Subset supports two specified forms:

  • Labels are used to match nodes with specific tags (endpoints) in the application.
  • ServiceEntry is used to specify IP addresses that belong to a certain subset. Note that this method is different from labels’ logic. The IP addresses can be directly specified through configuration instead of being obtained from the registry (K8s or other types). Applies to Mock environments where nodes are not registered with a service registry.

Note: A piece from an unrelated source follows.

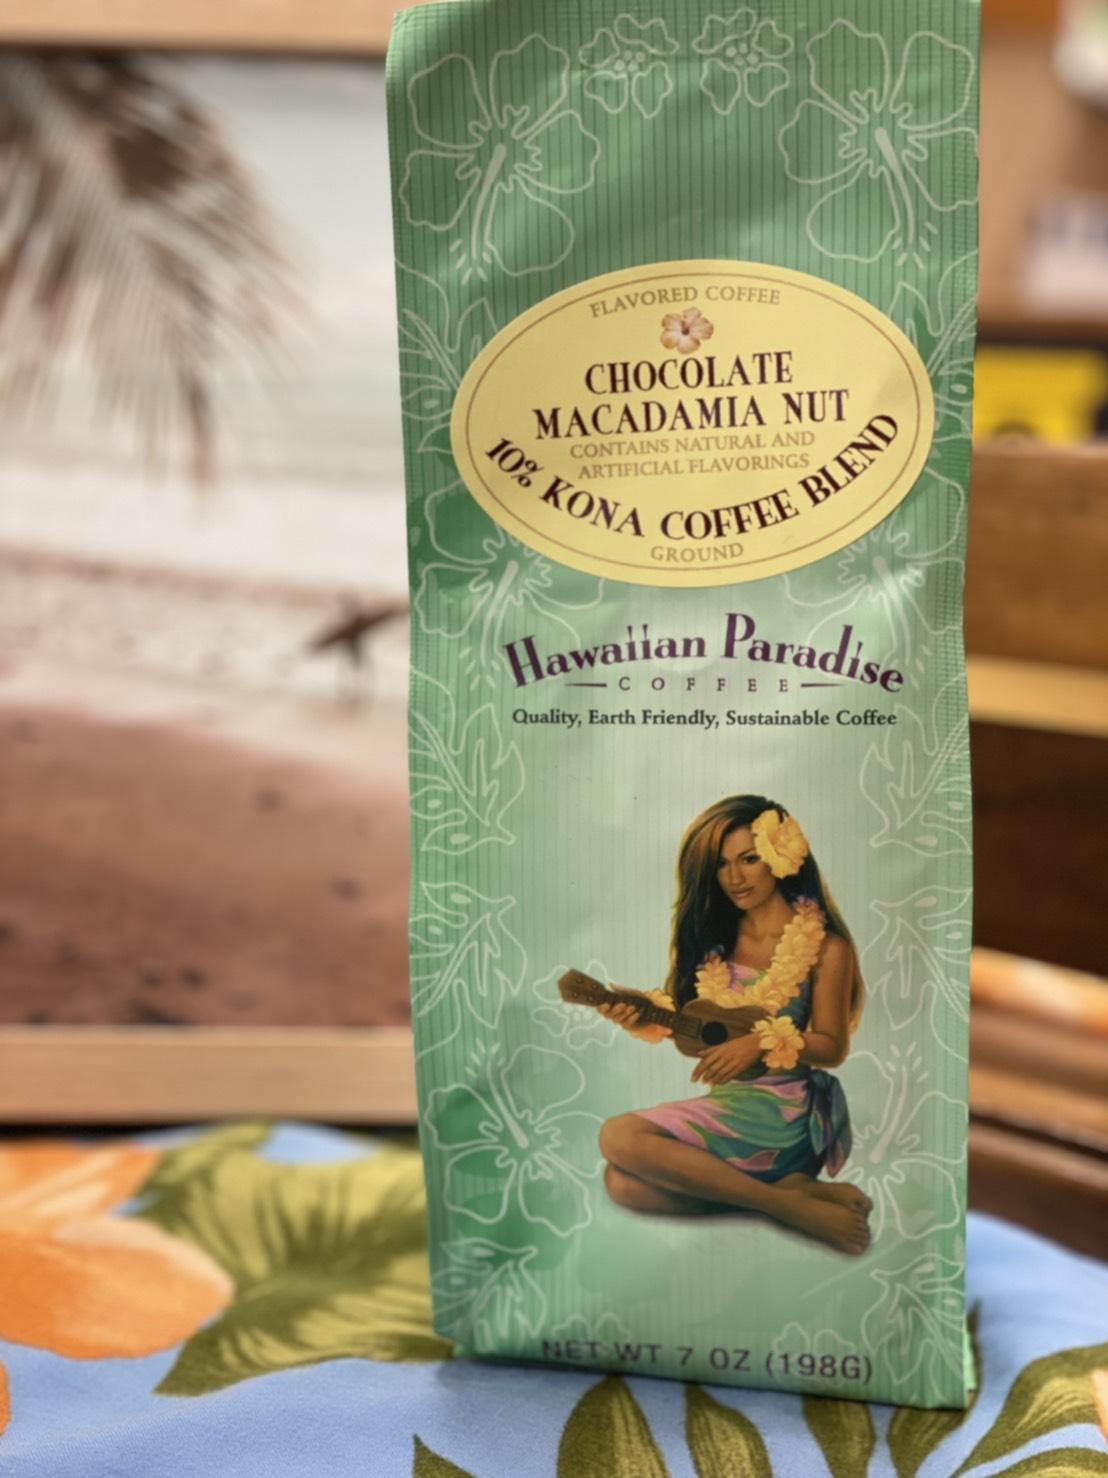 【Hawaiian Paradise Coffee】 ハワイアンパラダイスコーヒー チョコレートマカダミアナッツ  フレーバー198g
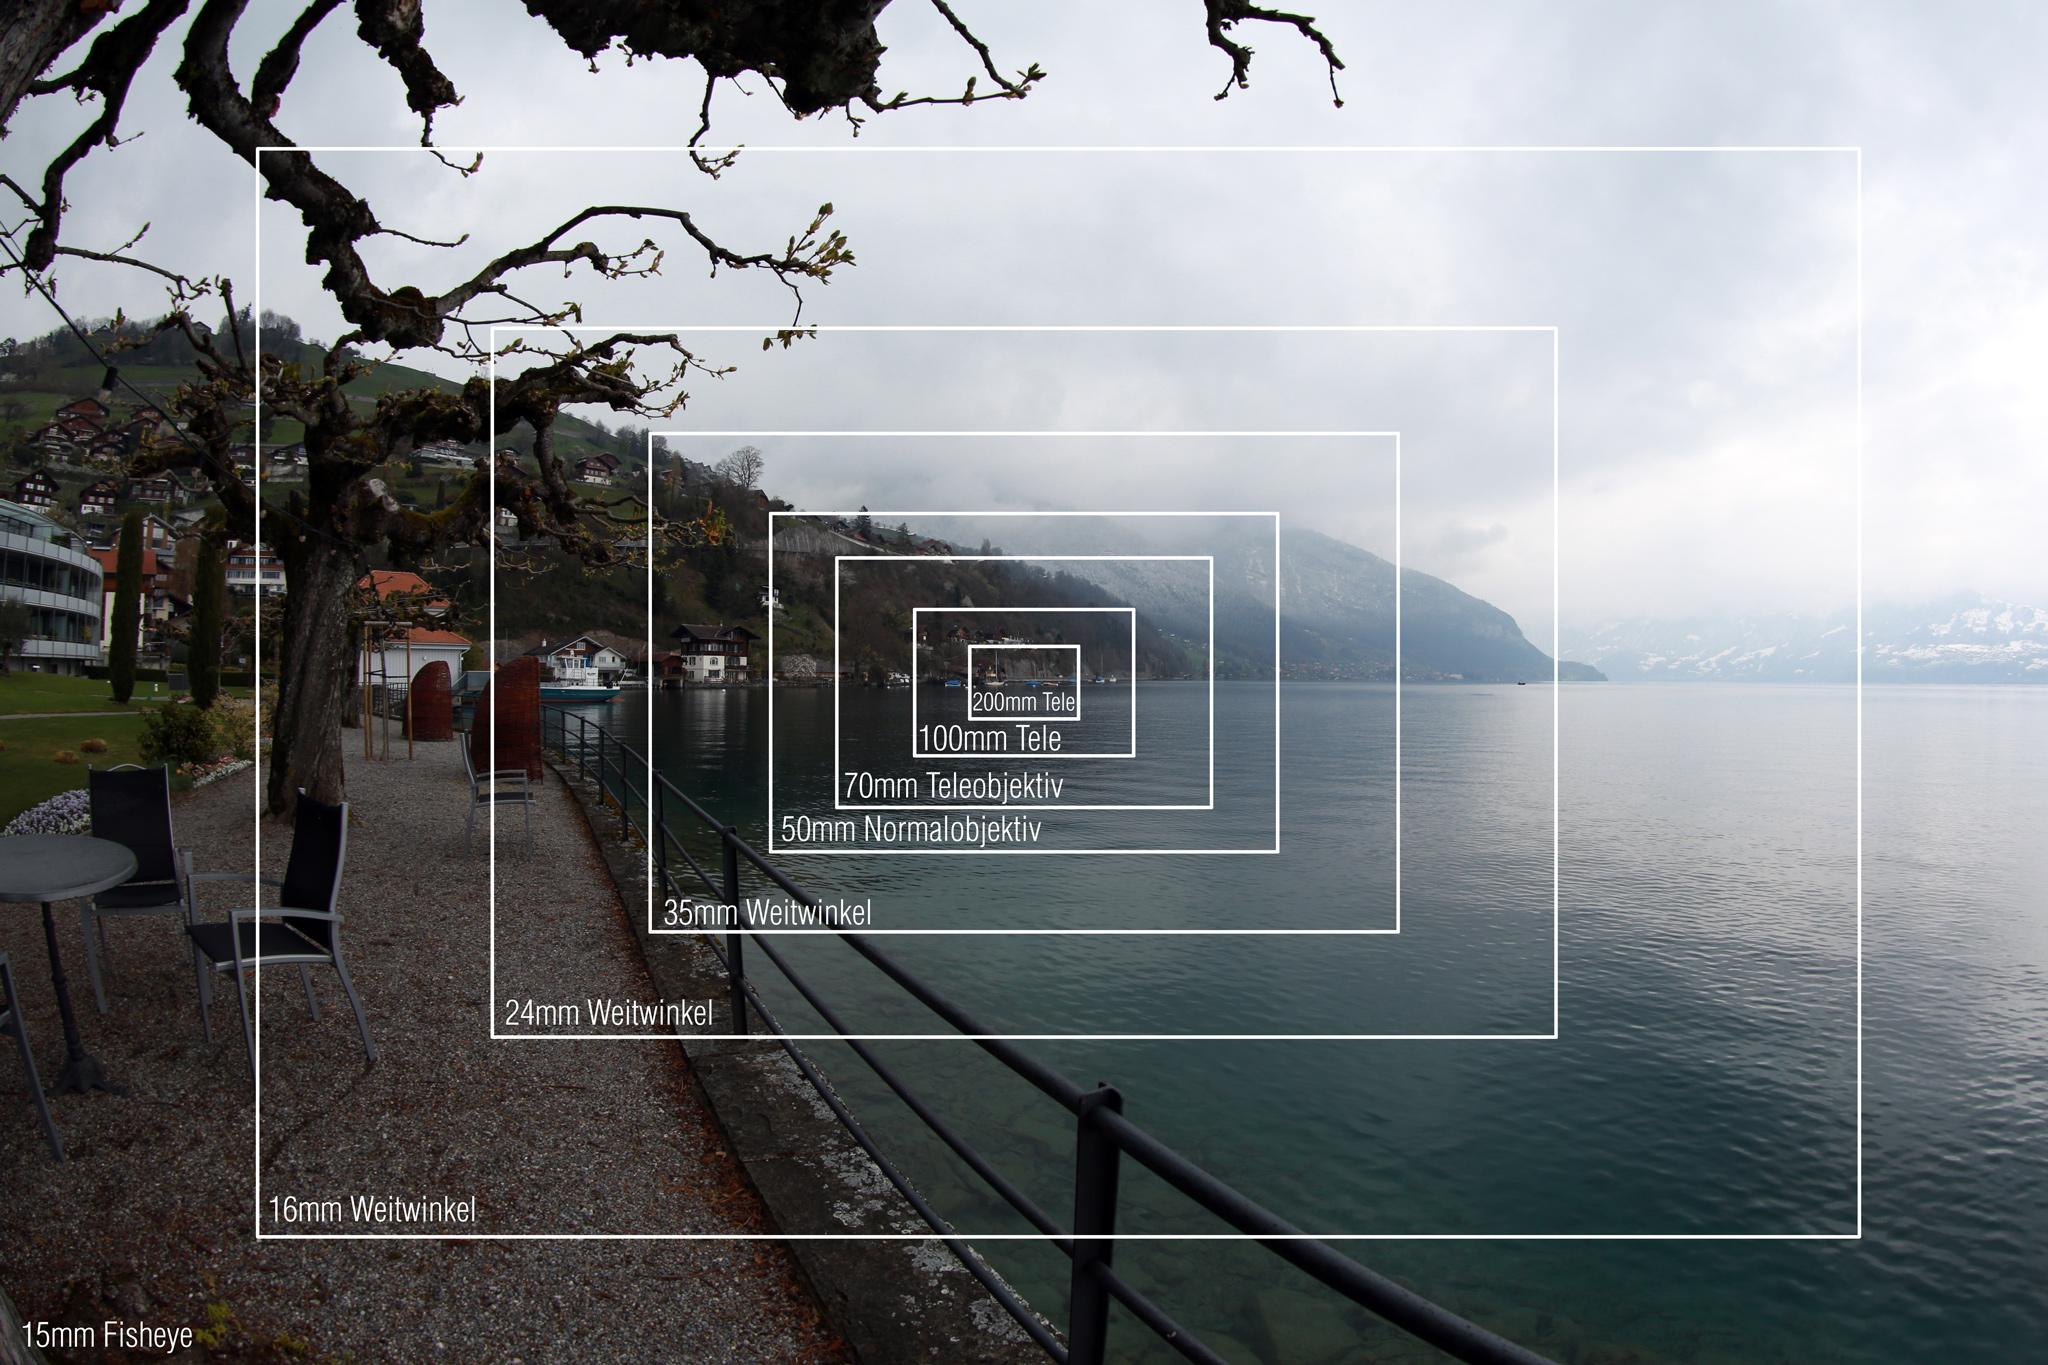 Fototipps – 6 Objektiv-Typen erklärt!

Based on subset in VirtualService

1) Global default configuration

  • The route section can specify multiple destinations in order, and traffic is distributed proportionally among destinations based on the weight value.
  • A fallback policy can be specified for each destination. The case indicates when a fallback is executed. The value can be: Noinstances (no service resources) and Noavailabled (available service resources but unavailable service). Target Specifies the target environment of the Fallback. If no fallback is specified, the fallback is enforced on the destination.
  • Routing logic by standard, we modify VirtualService, Let’s have a subset that supports the placeholder trafficLabel, that trafficLabel, that trafficLabel that gets the target environment from the requested trafficLabel, Corresponds to the definition in TrafficLabel CR.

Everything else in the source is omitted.